Shutting Down a Nuisance

In a condominium setting where owners typically live in close proximity to one another, it only takes one contrarian to disrupt an otherwise peaceful community. Fortunately, a cease and desist notice from legal counsel is often all that it takes to secure compliance. On rare occasion, however, judicial intervention may be the board’s only remaining, viable option to secure compliance. While it is always our preference to keep our clients out of the courtroom whenever possible, sometimes violation letters, fines, mediation, and even arbitration is not enough to secure compliance.

One of our condominium association clients was recently forced to confront that reality when a single unit owner in the community simply refused to abide by the community’s governing documents. The offending owner’s conduct included:

  • Verbally harassing other residents and vendors;
  • Interrupting board meetings and membership meetings;
  • Posting inappropriate photographs throughout the community;
  • Posting letters containing vulgar and inflammatory language throughout the community;
  • Regularly speeding while driving in the community;
  • Permitting unauthorized occupants to reside in his unit;
  • Painting and “decorating” the common elements; and
  • Pressure-washing “designs” or symbols into the common element walkways.
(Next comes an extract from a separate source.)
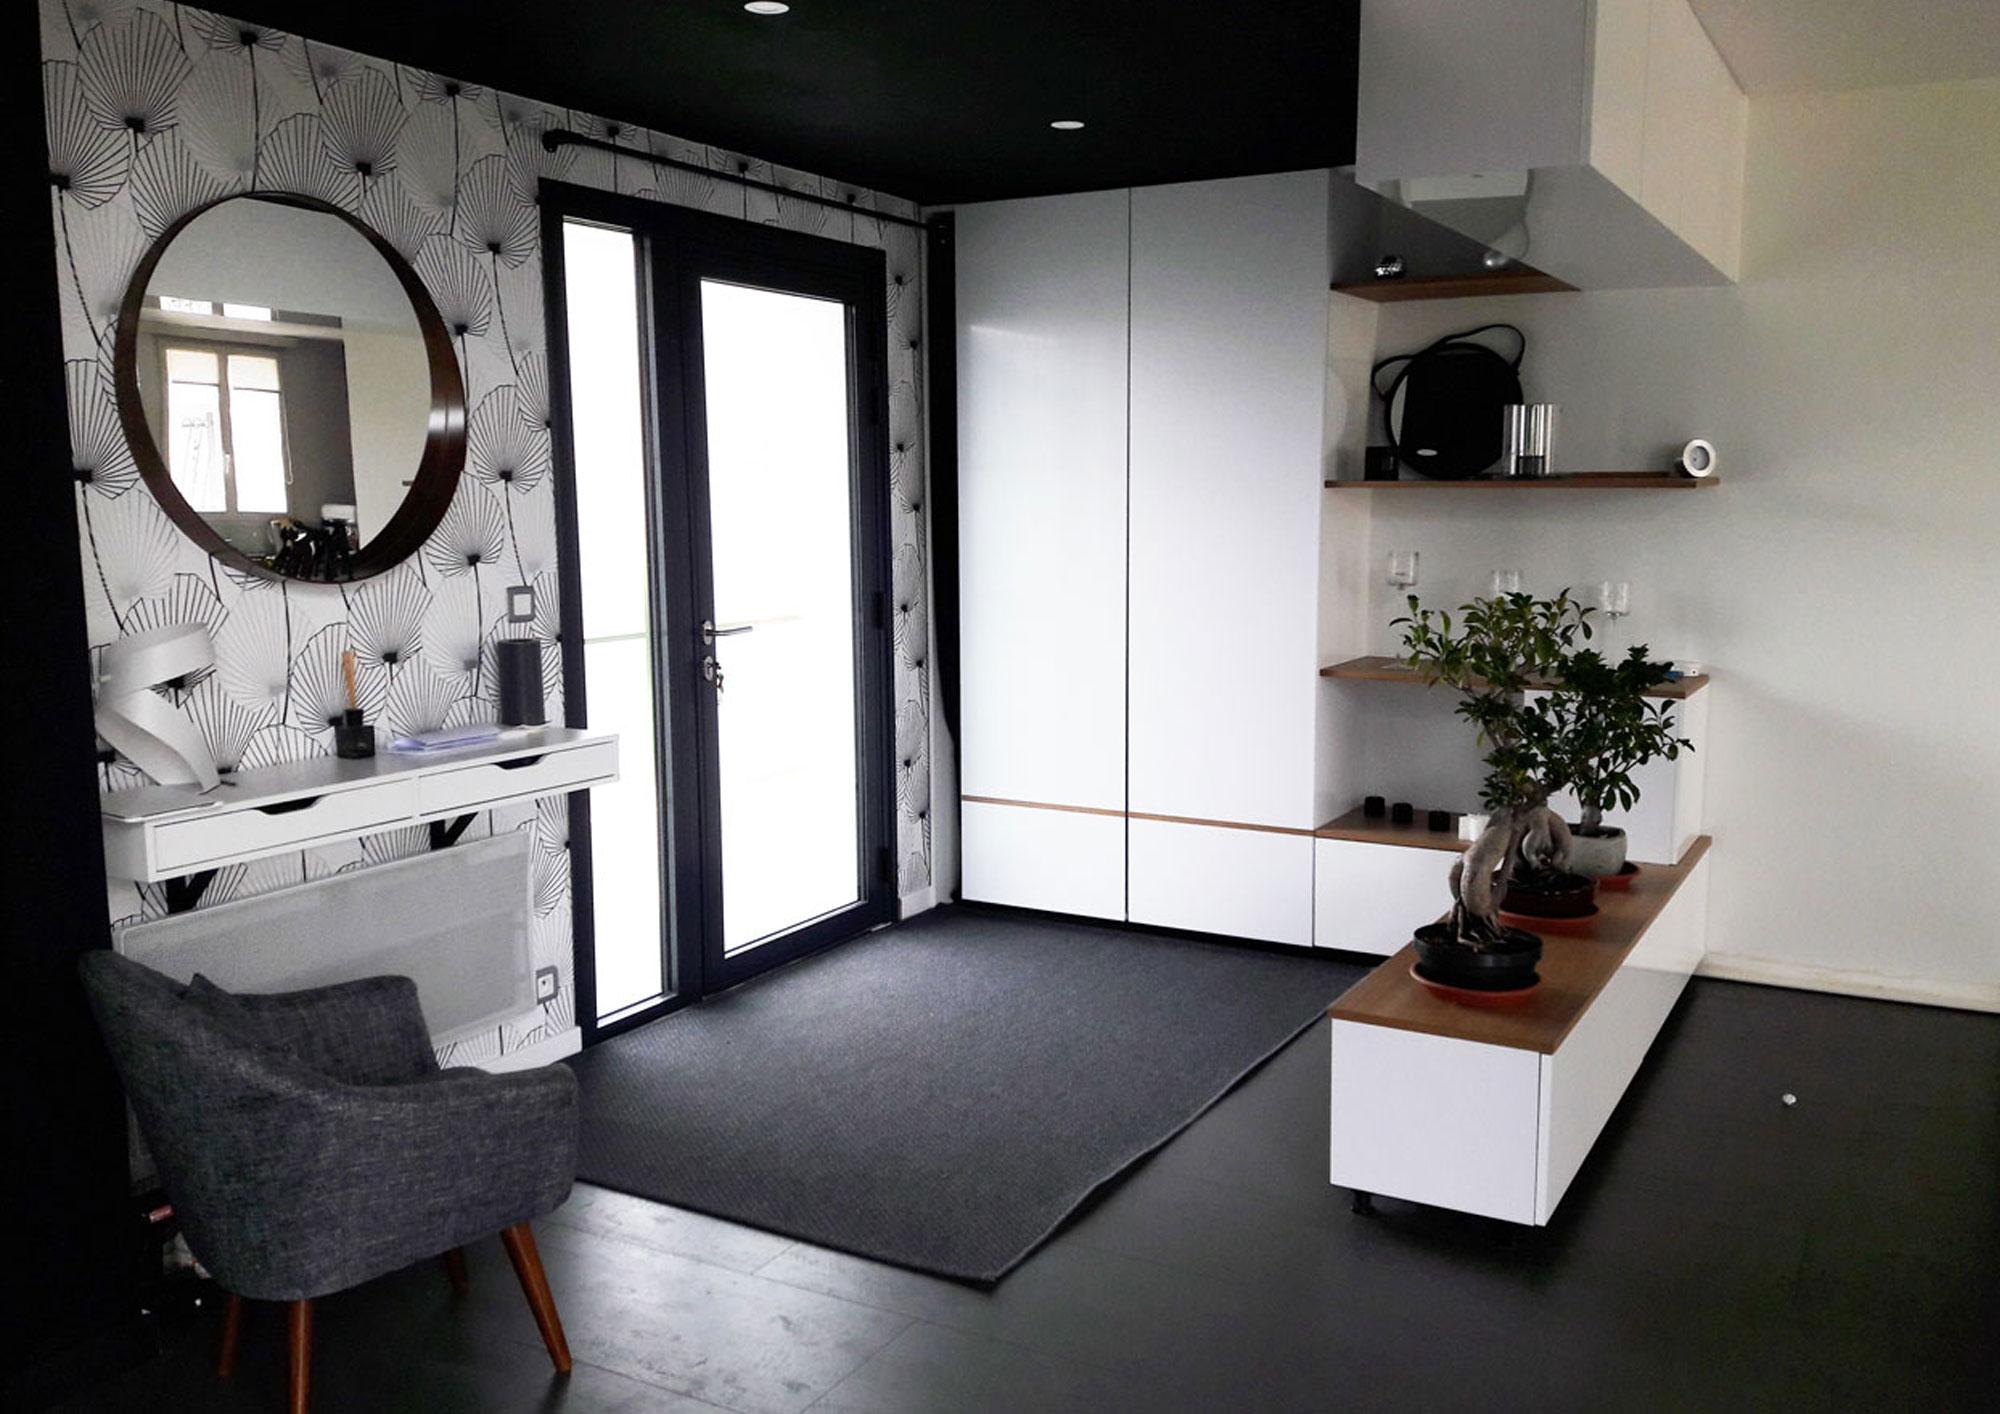 pack-deco-creation-mobilier-sur-mesure-agencement-entree-maison-nantes-loire-atlantique

The board, having exhausted all other options, made the difficult (but appropriate) decision to seek judicial relief.

Emergency Relief:

Under the circumstances, however, this board did not have the luxury of waiting a year or more until trial before obtaining relief in the form of an order requiring the owner to stop his disruptive behavior. Given the need for timely intervention, our firm (on behalf of the association) filed an emergency motion for temporary injunction requesting that the court enter an order prohibiting this owner from engaging in the conduct outlined above during the course of the litigation.
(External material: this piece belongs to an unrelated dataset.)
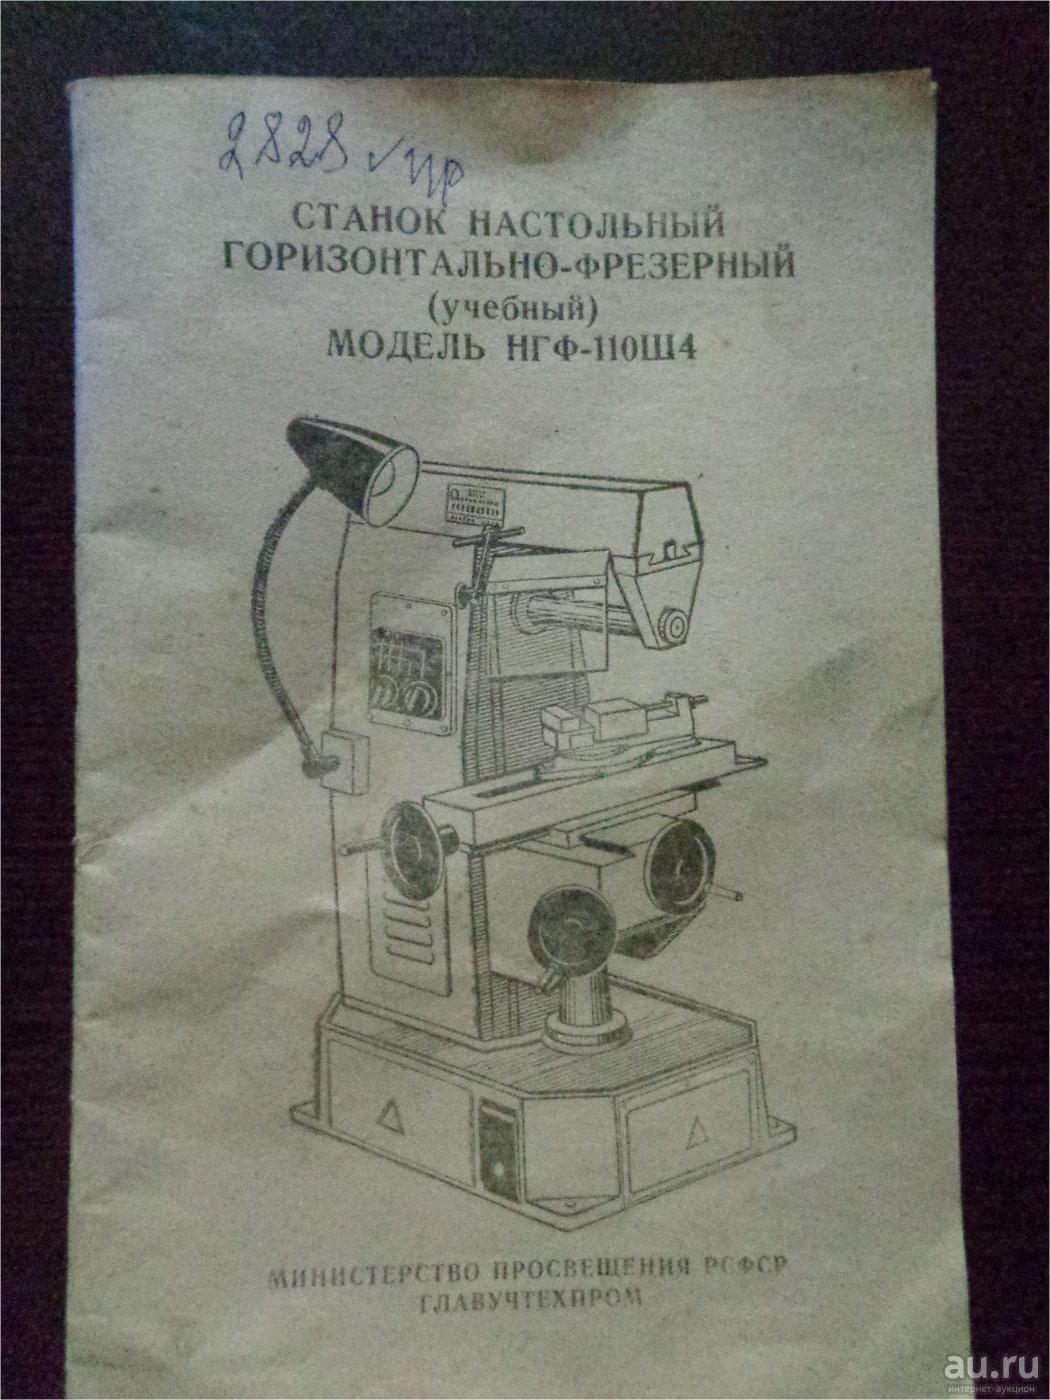 Фрезерный станок нгф-110: технические характеристики, схемы

Fortunately, following an evidentiary hearing, the court granted our client’s emergency motion. Unfortunately, however, the offending owner thereafter declined to comply with the court’s directives, which prompted contempt proceedings. Ultimately, due to his refusal to abide by the court’s order(s),  this owner found himself incarcerated in Pinellas County Jail– not just once, but TWICE (more than twenty days in total) – before he decided to comply with the court’s order(s).

Trial:

At trial, Attorneys Adam Gurley and John Kimbrough presented various witnesses (vendors, board members and other residents) who testified regarding the owner’s ongoing, troublesome conduct. Counsel representing the owner thereafter presented his defense.  At the conclusion of the trial, the court ruled in favor of our client on all counts. In addition, the court ruled that our client, as the prevailing party in the case, is entitled to an award of its attorneys’ fees and costs incurred in connection with the litigation.

Consider:

So, what can your board do to make sure your community is prepared to address an ongoing nuisance? First, it is important to take proactive steps to make sure your community is in a strong position to pursue enforcement in court, if necessary. Specifically, boards should periodically review their governing documents with the assistance of legal counsel to make sure the documents sufficiently address nuisance behavior. Also, upon receiving a complaint regarding a resident’s conduct, consider instructing the complaining party to submit their complaint in writing so that there is a record of the incident. As the board in the above-referenced case witnessed firsthand, those records may prove invaluable if the matter ends up in front of a judge.